What the task asks — Nothing in the records below may change; print them all exactly.
#### Extracted records ####
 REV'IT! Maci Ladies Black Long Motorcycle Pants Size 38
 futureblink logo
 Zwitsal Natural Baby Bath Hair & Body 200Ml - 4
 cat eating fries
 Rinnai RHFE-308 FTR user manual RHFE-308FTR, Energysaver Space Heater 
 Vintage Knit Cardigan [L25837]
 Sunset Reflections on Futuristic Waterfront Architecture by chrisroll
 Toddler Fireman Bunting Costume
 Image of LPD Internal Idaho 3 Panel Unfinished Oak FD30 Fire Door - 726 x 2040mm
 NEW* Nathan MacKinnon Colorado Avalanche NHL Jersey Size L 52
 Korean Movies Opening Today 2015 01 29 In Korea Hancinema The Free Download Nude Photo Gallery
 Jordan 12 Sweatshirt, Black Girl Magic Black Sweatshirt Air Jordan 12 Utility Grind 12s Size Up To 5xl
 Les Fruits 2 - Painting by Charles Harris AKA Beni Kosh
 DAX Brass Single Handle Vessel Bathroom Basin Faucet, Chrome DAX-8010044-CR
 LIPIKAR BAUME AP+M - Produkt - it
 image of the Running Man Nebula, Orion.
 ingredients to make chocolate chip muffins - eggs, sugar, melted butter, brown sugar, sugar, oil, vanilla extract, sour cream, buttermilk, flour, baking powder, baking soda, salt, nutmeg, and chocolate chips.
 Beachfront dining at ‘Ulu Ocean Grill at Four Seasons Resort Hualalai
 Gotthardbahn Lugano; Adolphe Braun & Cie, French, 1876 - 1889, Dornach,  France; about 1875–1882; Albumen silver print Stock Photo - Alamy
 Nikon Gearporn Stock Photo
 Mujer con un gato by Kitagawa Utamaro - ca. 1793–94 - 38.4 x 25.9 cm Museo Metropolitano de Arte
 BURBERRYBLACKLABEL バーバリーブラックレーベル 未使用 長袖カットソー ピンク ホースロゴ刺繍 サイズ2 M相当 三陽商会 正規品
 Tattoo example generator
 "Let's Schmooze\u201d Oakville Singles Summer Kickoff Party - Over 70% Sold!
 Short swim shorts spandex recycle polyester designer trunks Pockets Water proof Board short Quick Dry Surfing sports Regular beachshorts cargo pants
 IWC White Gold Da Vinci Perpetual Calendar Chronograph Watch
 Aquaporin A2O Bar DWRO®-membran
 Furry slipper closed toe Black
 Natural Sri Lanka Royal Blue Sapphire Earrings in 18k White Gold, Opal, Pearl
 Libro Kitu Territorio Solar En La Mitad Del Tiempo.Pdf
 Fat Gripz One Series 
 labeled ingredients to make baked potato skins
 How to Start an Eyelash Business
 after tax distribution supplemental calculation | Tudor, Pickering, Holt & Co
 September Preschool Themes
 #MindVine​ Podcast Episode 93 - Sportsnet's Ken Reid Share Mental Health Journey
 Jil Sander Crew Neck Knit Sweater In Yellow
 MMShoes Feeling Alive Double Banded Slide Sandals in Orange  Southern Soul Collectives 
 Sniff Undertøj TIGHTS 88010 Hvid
####
Exercise output —
 REV'IT! Maci Ladies Black Long Motorcycle Pants Size 38
 futureblink logo
 Zwitsal Natural Baby Bath Hair & Body 200Ml - 4
 cat eating fries
 Rinnai RHFE-308 FTR user manual RHFE-308FTR, Energysaver Space Heater 
 Vintage Knit Cardigan [L25837]
 Sunset Reflections on Futuristic Waterfront Architecture by chrisroll
 Toddler Fireman Bunting Costume
 Image of LPD Internal Idaho 3 Panel Unfinished Oak FD30 Fire Door - 726 x 2040mm
 NEW* Nathan MacKinnon Colorado Avalanche NHL Jersey Size L 52
 Korean Movies Opening Today 2015 01 29 In Korea Hancinema The Free Download Nude Photo Gallery
 Jordan 12 Sweatshirt, Black Girl Magic Black Sweatshirt Air Jordan 12 Utility Grind 12s Size Up To 5xl
 Les Fruits 2 - Painting by Charles Harris AKA Beni Kosh
 DAX Brass Single Handle Vessel Bathroom Basin Faucet, Chrome DAX-8010044-CR
 LIPIKAR BAUME AP+M - Produkt - it
 image of the Running Man Nebula, Orion.
 ingredients to make chocolate chip muffins - eggs, sugar, melted butter, brown sugar, sugar, oil, vanilla extract, sour cream, buttermilk, flour, baking powder, baking soda, salt, nutmeg, and chocolate chips.
 Beachfront dining at ‘Ulu Ocean Grill at Four Seasons Resort Hualalai
 Gotthardbahn Lugano; Adolphe Braun & Cie, French, 1876 - 1889, Dornach,  France; about 1875–1882; Albumen silver print Stock Photo - Alamy
 Nikon Gearporn Stock Photo
 Mujer con un gato by Kitagawa Utamaro - ca. 1793–94 - 38.4 x 25.9 cm Museo Metropolitano de Arte
 BURBERRYBLACKLABEL バーバリーブラックレーベル 未使用 長袖カットソー ピンク ホースロゴ刺繍 サイズ2 M相当 三陽商会 正規品
 Tattoo example generator
 "Let's Schmooze\u201d Oakville Singles Summer Kickoff Party - Over 70% Sold!
 Short swim shorts spandex recycle polyester designer trunks Pockets Water proof Board short Quick Dry Surfing sports Regular beachshorts cargo pants
 IWC White Gold Da Vinci Perpetual Calendar Chronograph Watch
 Aquaporin A2O Bar DWRO®-membran
 Furry slipper closed toe Black
 Natural Sri Lanka Royal Blue Sapphire Earrings in 18k White Gold, Opal, Pearl
 Libro Kitu Territorio Solar En La Mitad Del Tiempo.Pdf
 Fat Gripz One Series 
 labeled ingredients to make baked potato skins
 How to Start an Eyelash Business
 after tax distribution supplemental calculation | Tudor, Pickering, Holt & Co
 September Preschool Themes
 #MindVine​ Podcast Episode 93 - Sportsnet's Ken Reid Share Mental Health Journey
 Jil Sander Crew Neck Knit Sweater In Yellow
 MMShoes Feeling Alive Double Banded Slide Sandals in Orange  Southern Soul Collectives 
 Sniff Undertøj TIGHTS 88010 Hvid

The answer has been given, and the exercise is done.